Stéphan Buckland (also written Stéphane Buckland; born 12 January 1977) is a retired Mauritian track and field athlete who competed in the 100 and 200 metres.

Biography 
Buckland's international career began in 1998 after joining the IAAF High Performance Training Centre in Dakar, Senegal. Under coach Dr Herve Stephan, he has progressed to be ready in participating in many international world class track and field meetings. In 1999, he competed in several meetings in Italy and France. He ran a season best and personal best of 10.22 at the Meeting of La Roche Sur Yon in France which at that time was also a national record for Mauritius and eventually achieved the qualifying standards to enter the 100m event at the IAAF World Athletics Championships in Sevilla, Spain. At these Championships, he reached the quarterfinals by finishing fifth in 10.39. After these Championships, he reached the final of the 100m at the All Africa Games finishing last and taking fifth place in the 4 × 100 m relay.

In 2000, Buckland broke his 100 record three times, running 10.16 at the Meeting Internacional Atletismo Funchal in Funchal, Portugal. In Funchal, Buckland also ran a national record of 20.31 smashing the former Mauritian record of 20.72 held by Eric Milazar. Earlier that year, he ran his first official 200m race at the Mauritian International Meeting and broke the meeting record as well as the national record with a time of 20.66. He ran a meeting record of 20.43 in the 200m at the Meeting Atletica Internazionale Barletta, which he still holds today. He also won the 100m in 10.29 at this meeting.

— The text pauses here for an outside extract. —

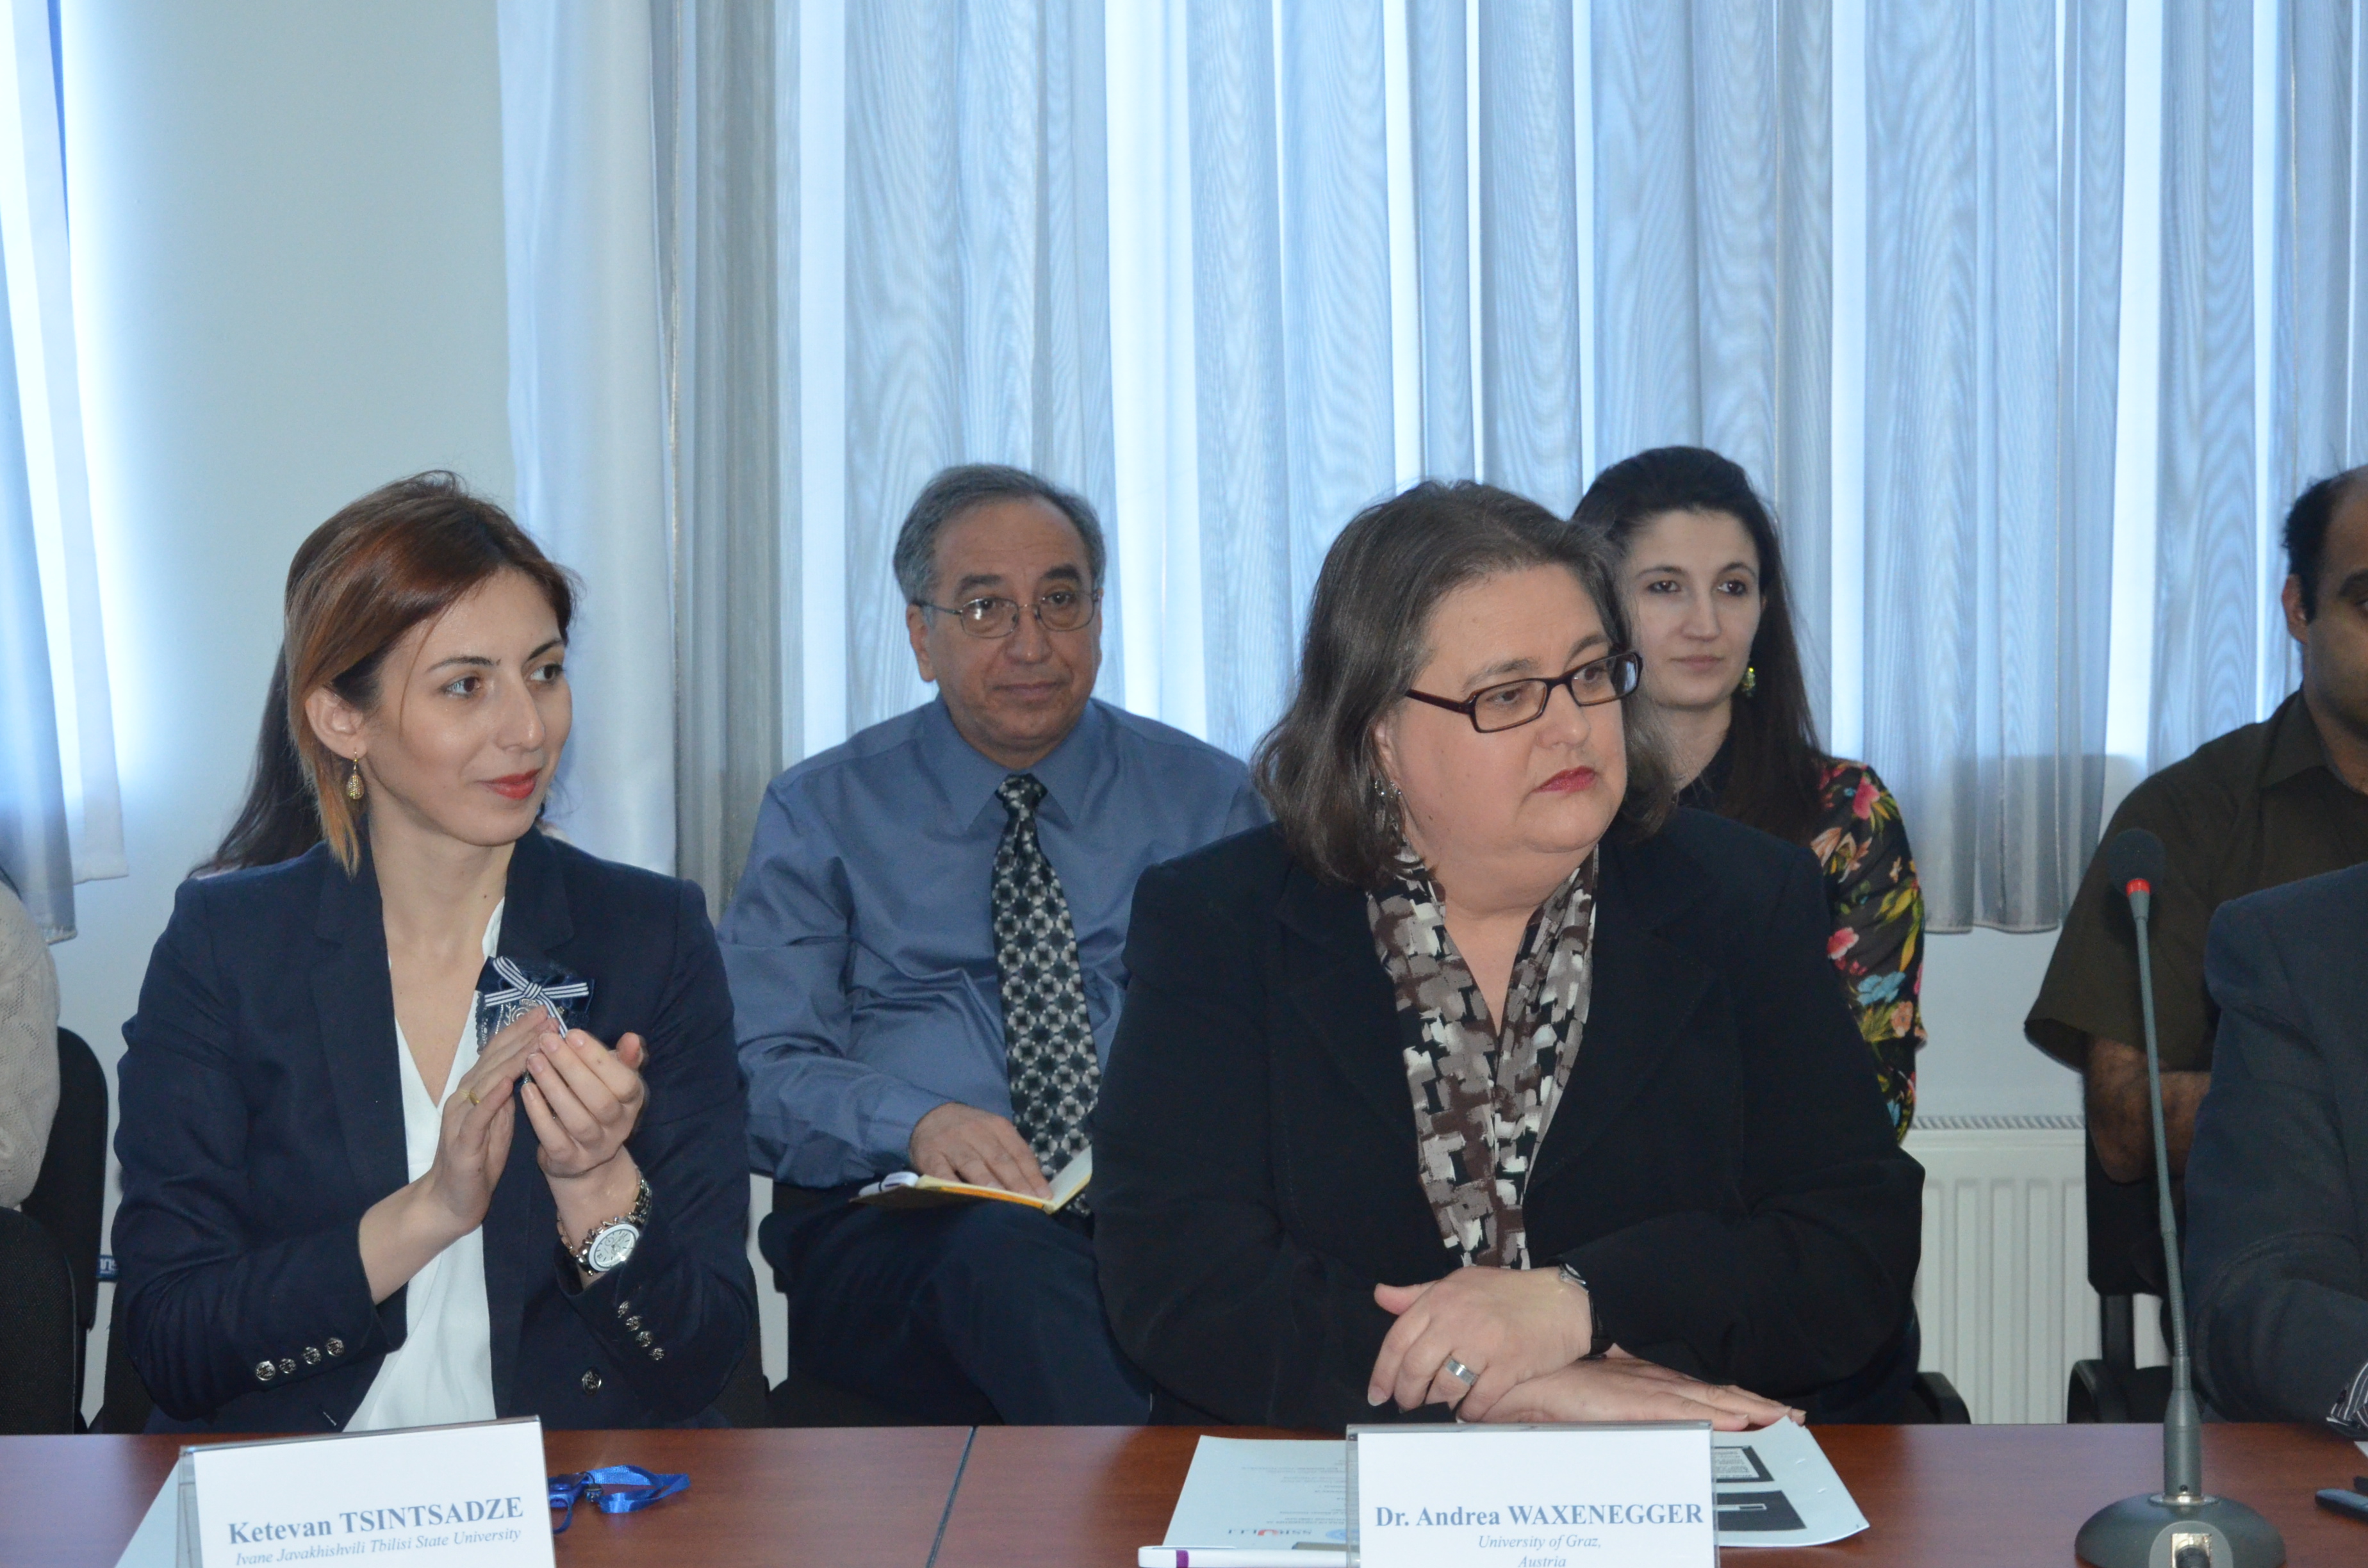 16 April 2015 ” Seminar on ULLL in Baku “

Other performances include two silver medals at the African Athletics Championships, taking second places in the 100m in 10.20 and the 4 × 100 m relay. His major breakthrough that year was his amazing performance at the Sydney Olympic Games in Australia. He reached the quarterfinals of the 100m by winning his heat in 10.35. He impressed many again by reaching the 200m semifinal finishing fifth in 20.56 and missing the final by a couple of milliseconds. After this performance, Buckland decided to focus mainly on the 200m event and continued to specialize in it.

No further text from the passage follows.